このサークルでの経験を活かして、後輩たちも将来野生動物に関わる分野で活躍していってもらえたらなと感じています。

活動内容

ゼニ研の活動は大きく、「個体数調査(センサス)」、「捕獲調査」、「普及啓発活動」の3つに分けることができます。

個体数調査(センサス)

これがメインの活動です。ゼニ研ができた1982年から35年以上継続して行われていますが、コロナが流行ってからは満足なセンサスができていないようです。

調査はGW期、繁殖期(6月)、換毛期(8月)、秋期(9月)の年に4回行われます。
それぞれ各3-7日程度です。

ちなみに、これほどの努力量でこのアザラシの調査を行っているのは世界でもゼニ研だけらしいです。

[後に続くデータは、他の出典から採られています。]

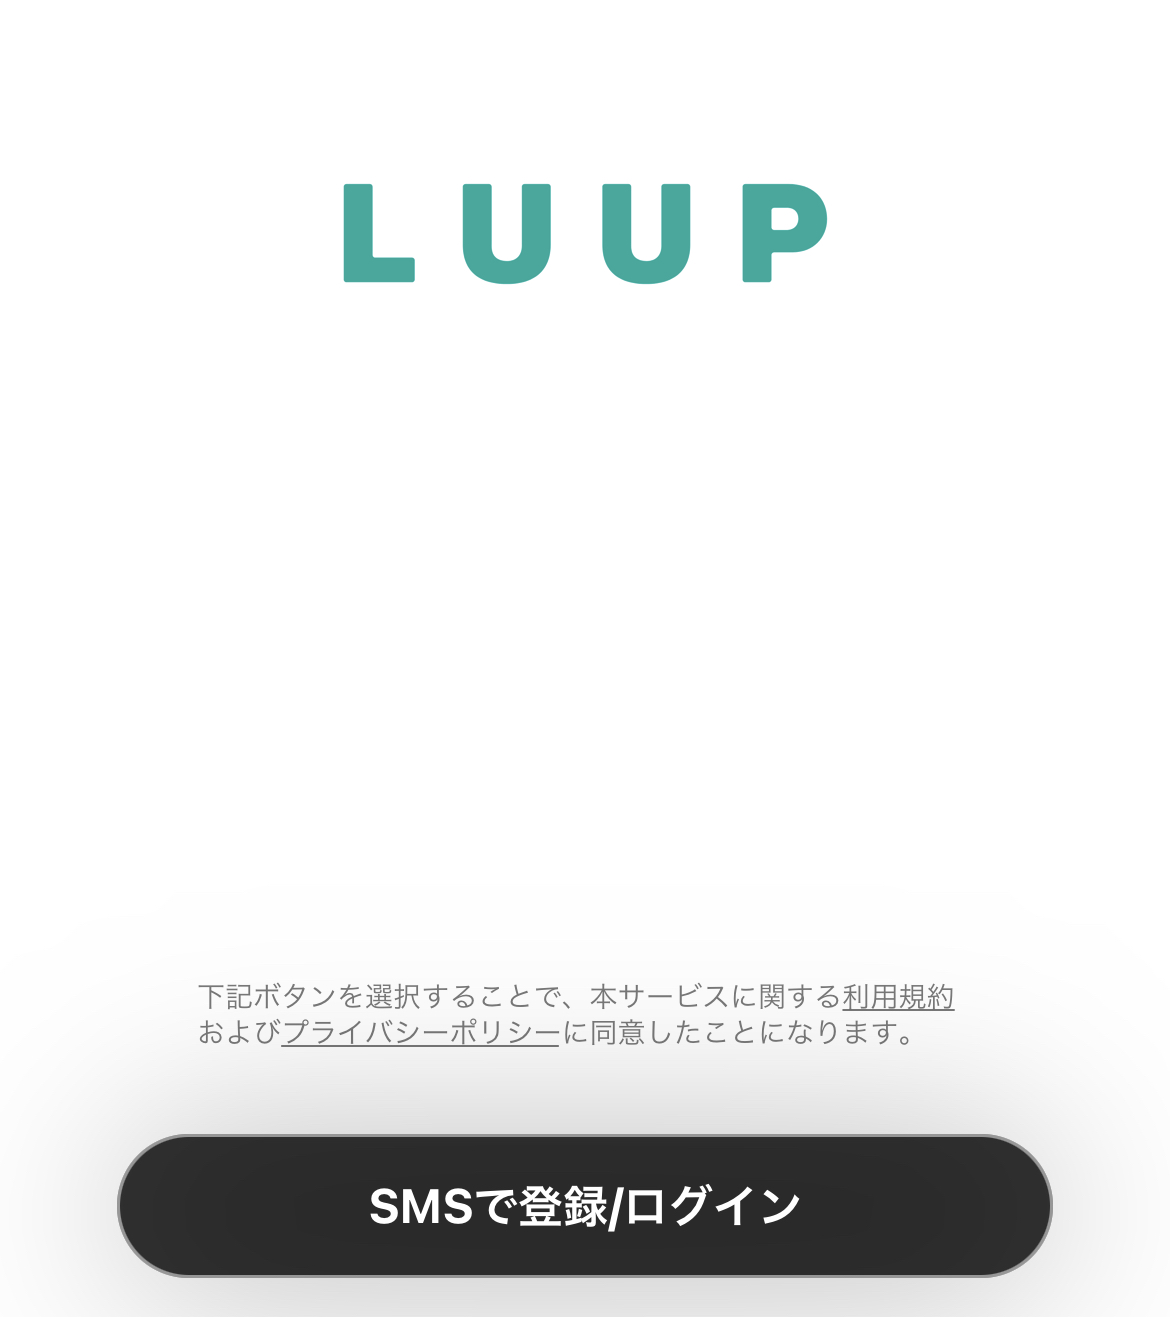 LUUP(ループ)の使い方 登録画面
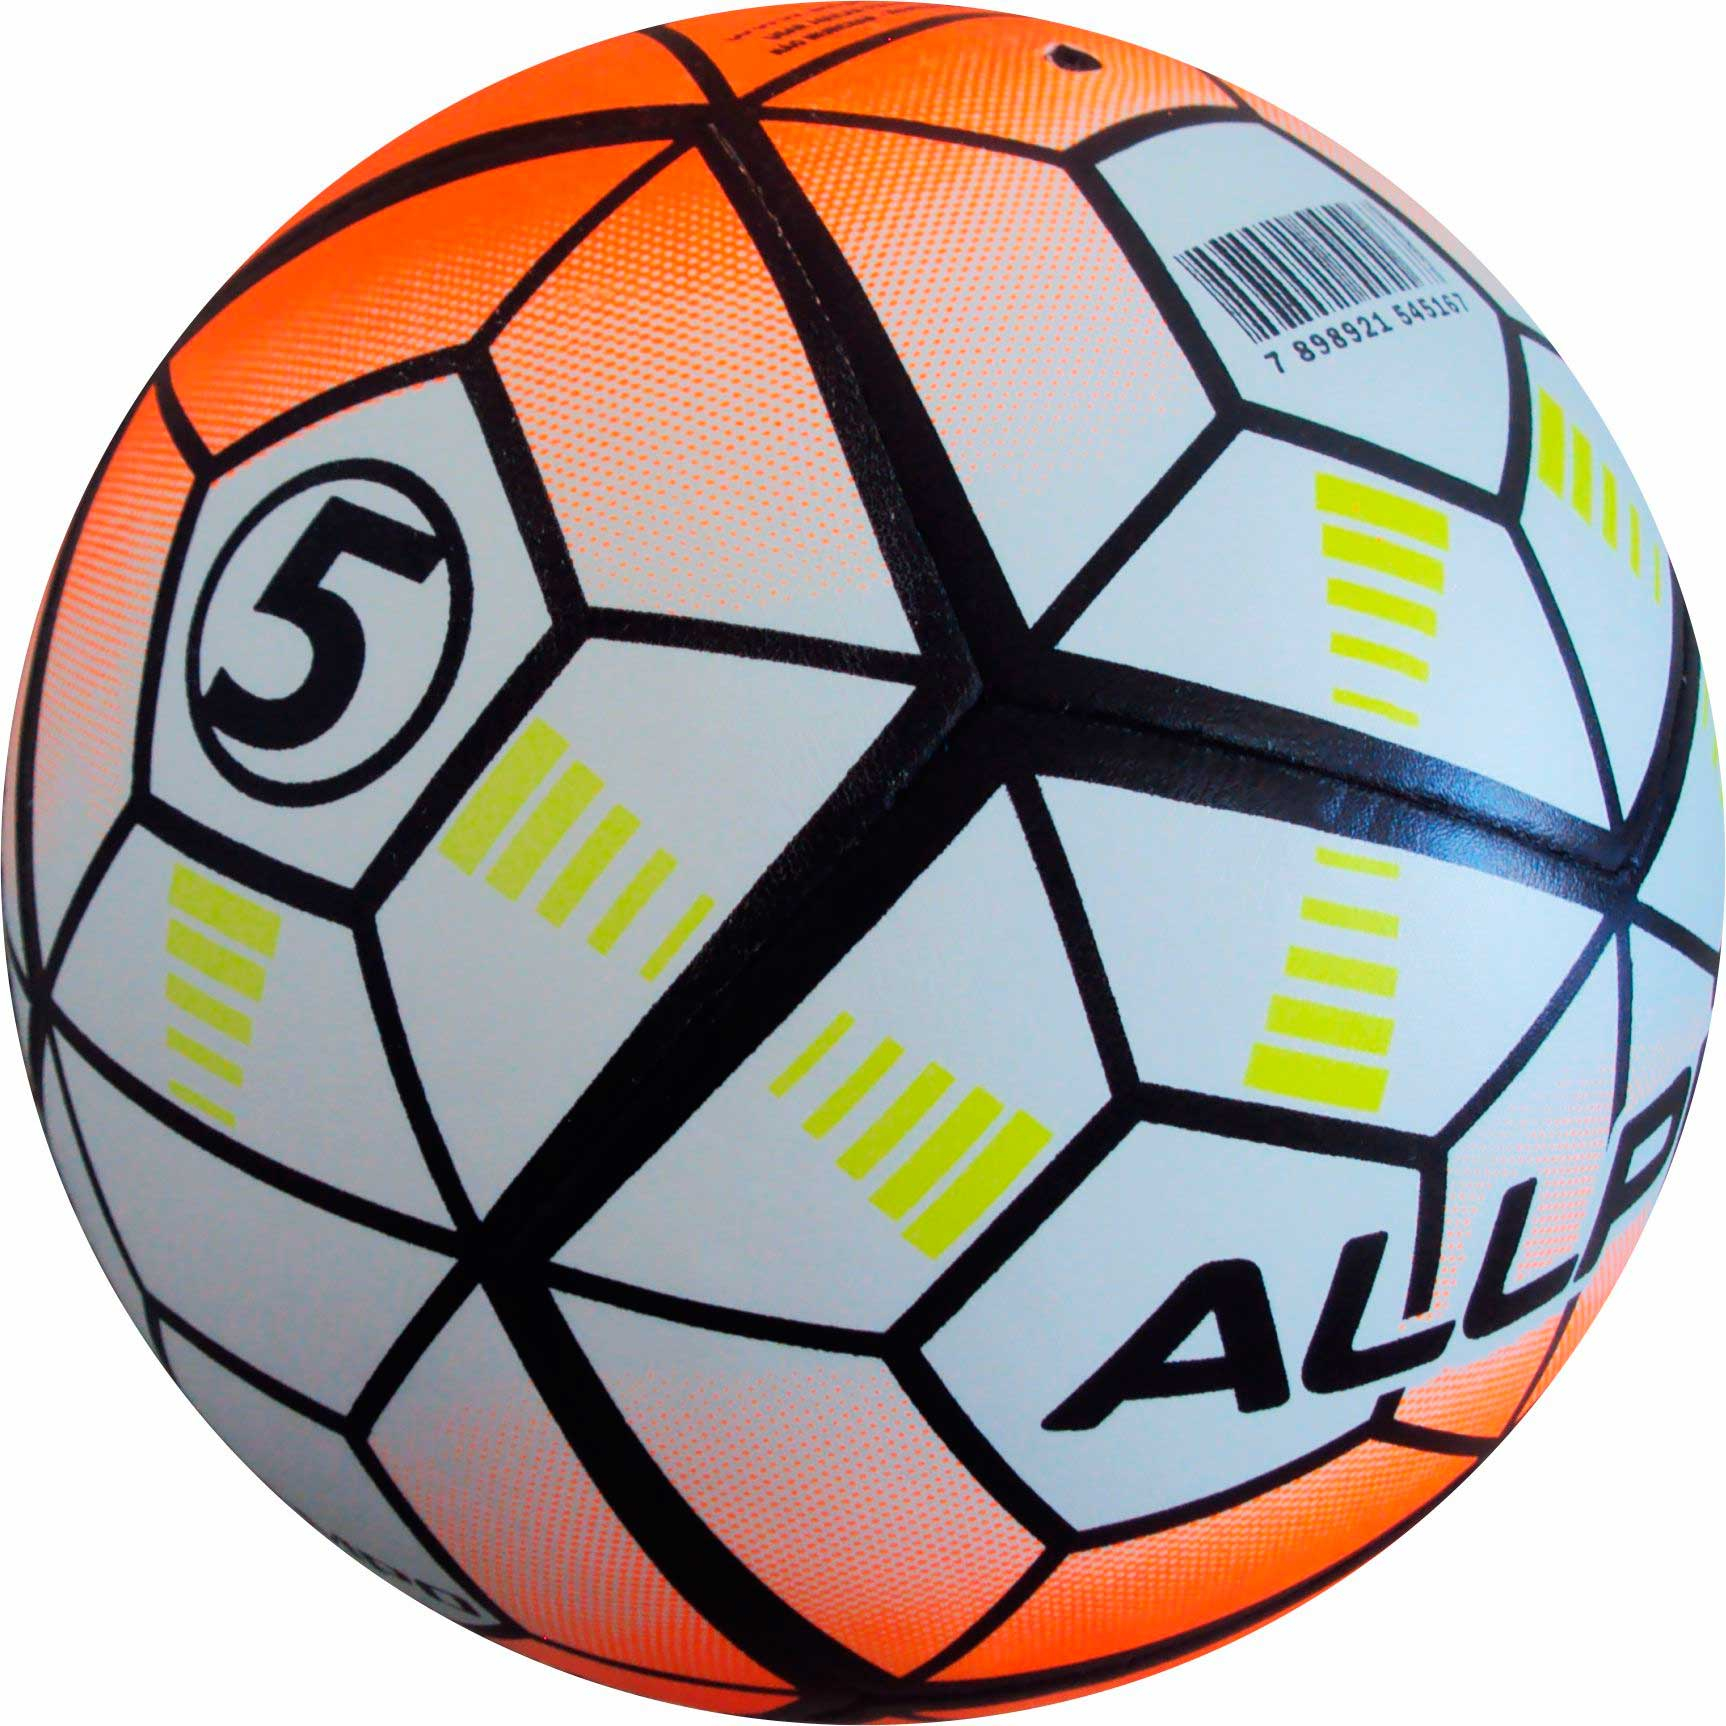 Bola de Futebol de Campo Semi Oficial Nº5 - Ref. 237 - Allpha

調査地は道東の10箇所ほどにあり、1つの調査地につき2~4人の部員が担当します。

調査地は鳥獣保護区や私有地ですが、行政や地主さんに許可をもらってから現地に赴いてました。

同じサークルの仲間たちが、道東の沿岸に散らばって同じ時間に、同じ動物を数えていると思うと非常に大きなことをしている思いがしました。

 

調査は朝に行います。

ゼニガタアザラシは岩礁性といい岩の上で休む種類であるため、海岸沿いのポイントで岩場を観察して数をカウントします。

ポイントのほとんどは下のイラストのように「崖」です。

一歩(は言い過ぎだけど”数歩”)踏み外すと数十メートル落下して海に真っ逆さま、なんて場所も多く存在します。

場所によっては念の為ロープを利用して降りていくなどして、安全には十分配慮していました。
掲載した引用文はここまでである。